Data extract |
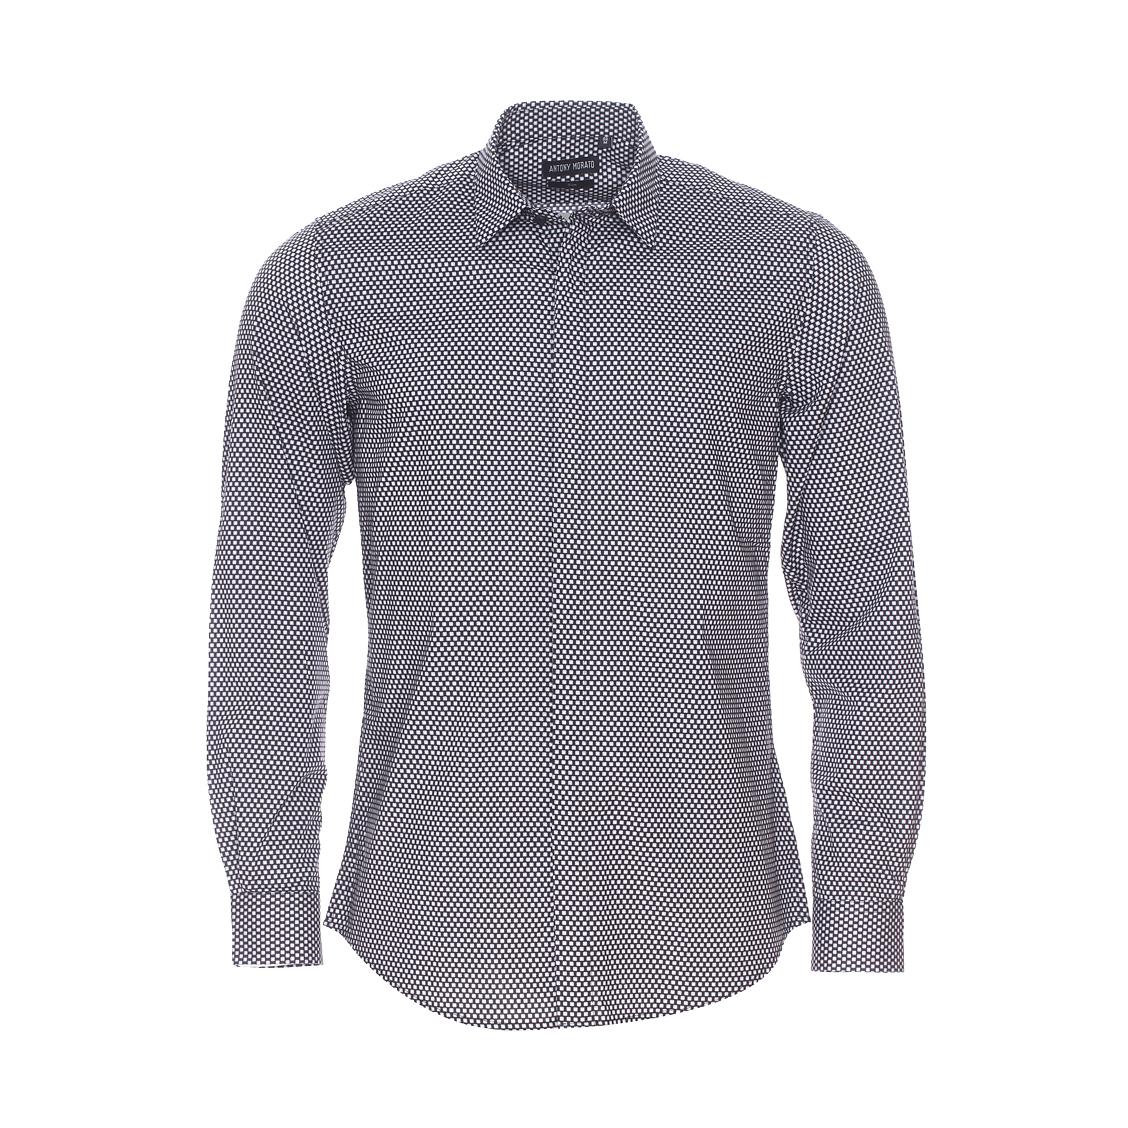 Chemise slim  en coton noir à petits motifs carrés gris et blancs
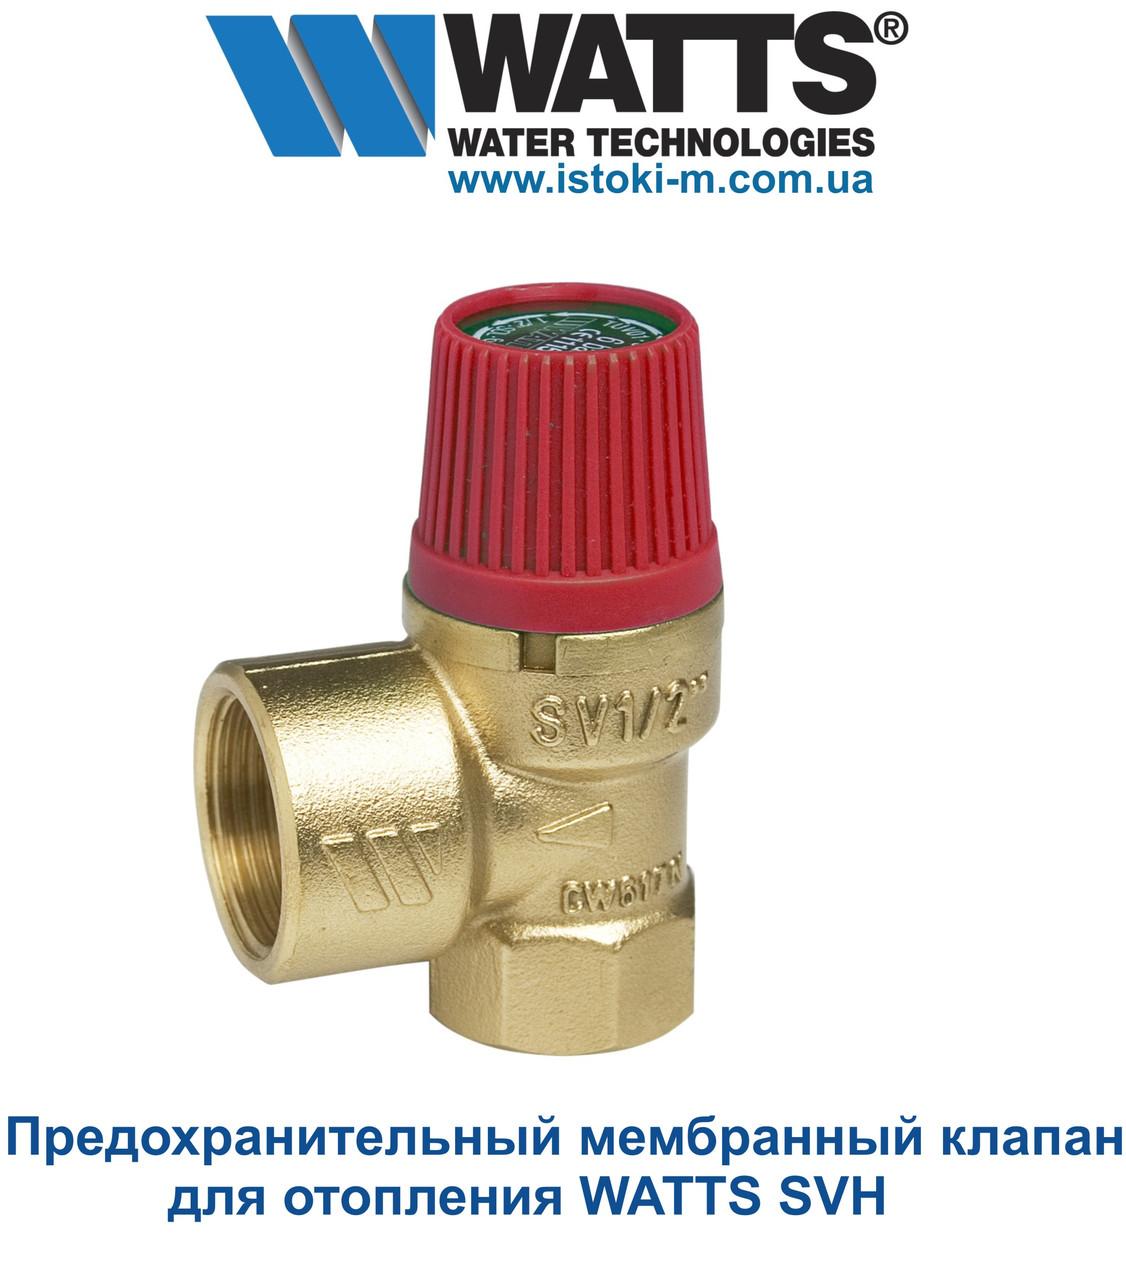 """Предохранительный сбросной мембранный клапан для отопления WATTS SVH 1.1/4""""х1.1/2"""" 2,5 Бар, фото 1"""
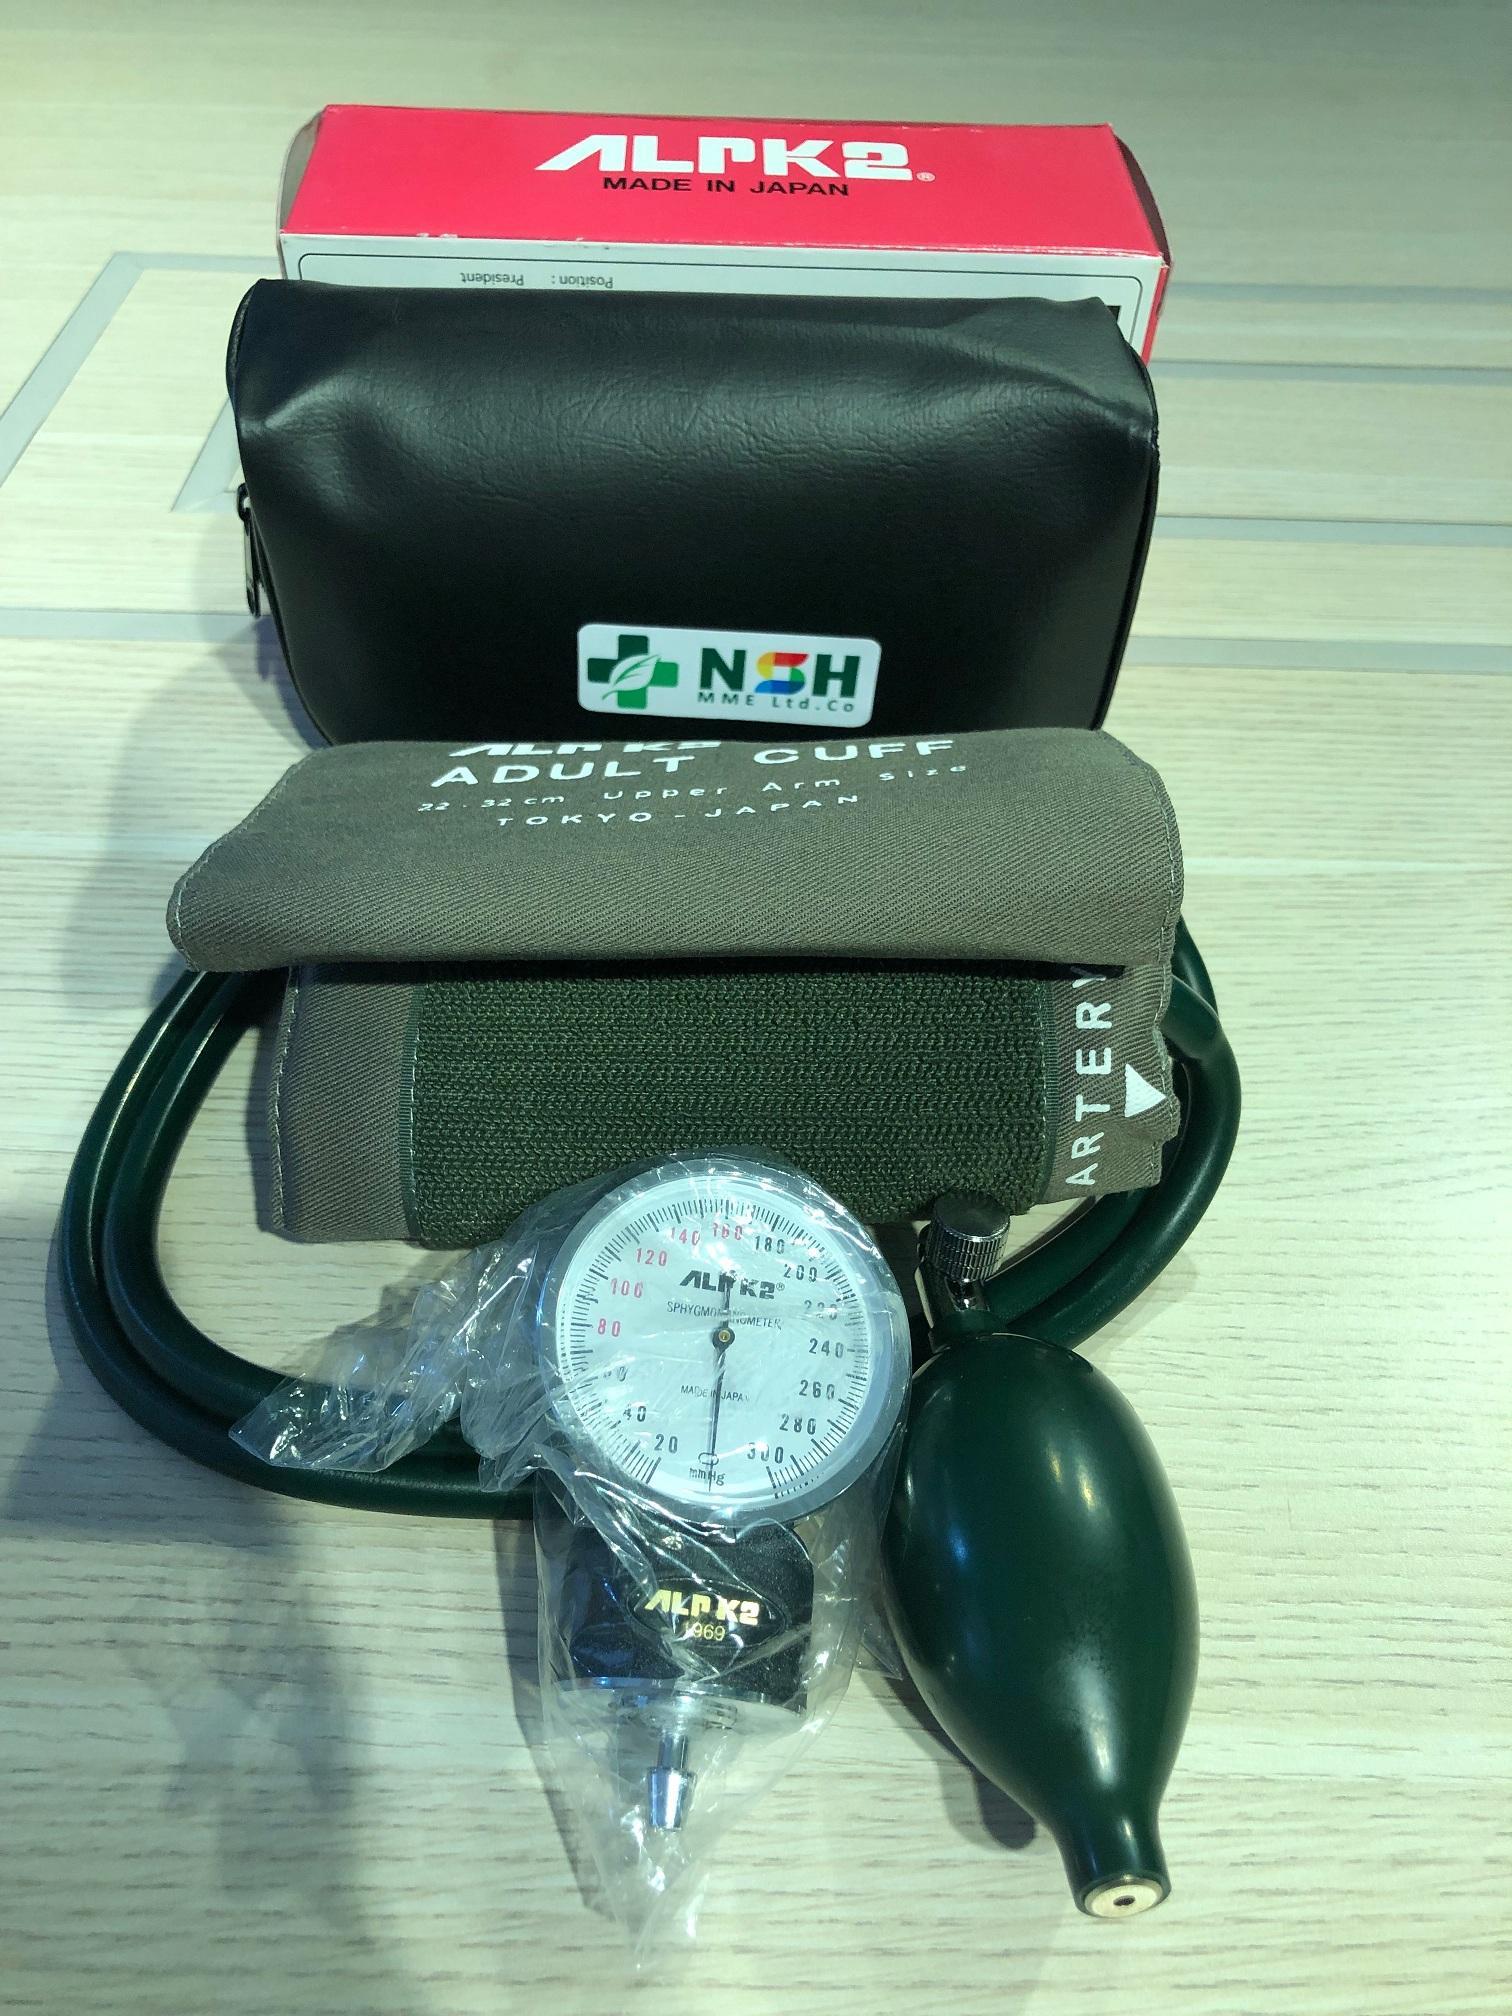 Nơi bán Đầu Máy đo huyết áp cơ ALPK2 NHẬT BẢN không kèm ống nghe

What is needed |
Extract the full listing exactly, with the pictures left out.

Exercise response |
 Chemise slim  en coton noir à petits motifs carrés gris et blancs
 """Предохранительный сбросной мембранный клапан для отопления WATTS SVH 1.1/4""""х1.1/2"""" 2,5 Бар, фото 1"""
 Nơi bán Đầu Máy đo huyết áp cơ ALPK2 NHẬT BẢN không kèm ống nghe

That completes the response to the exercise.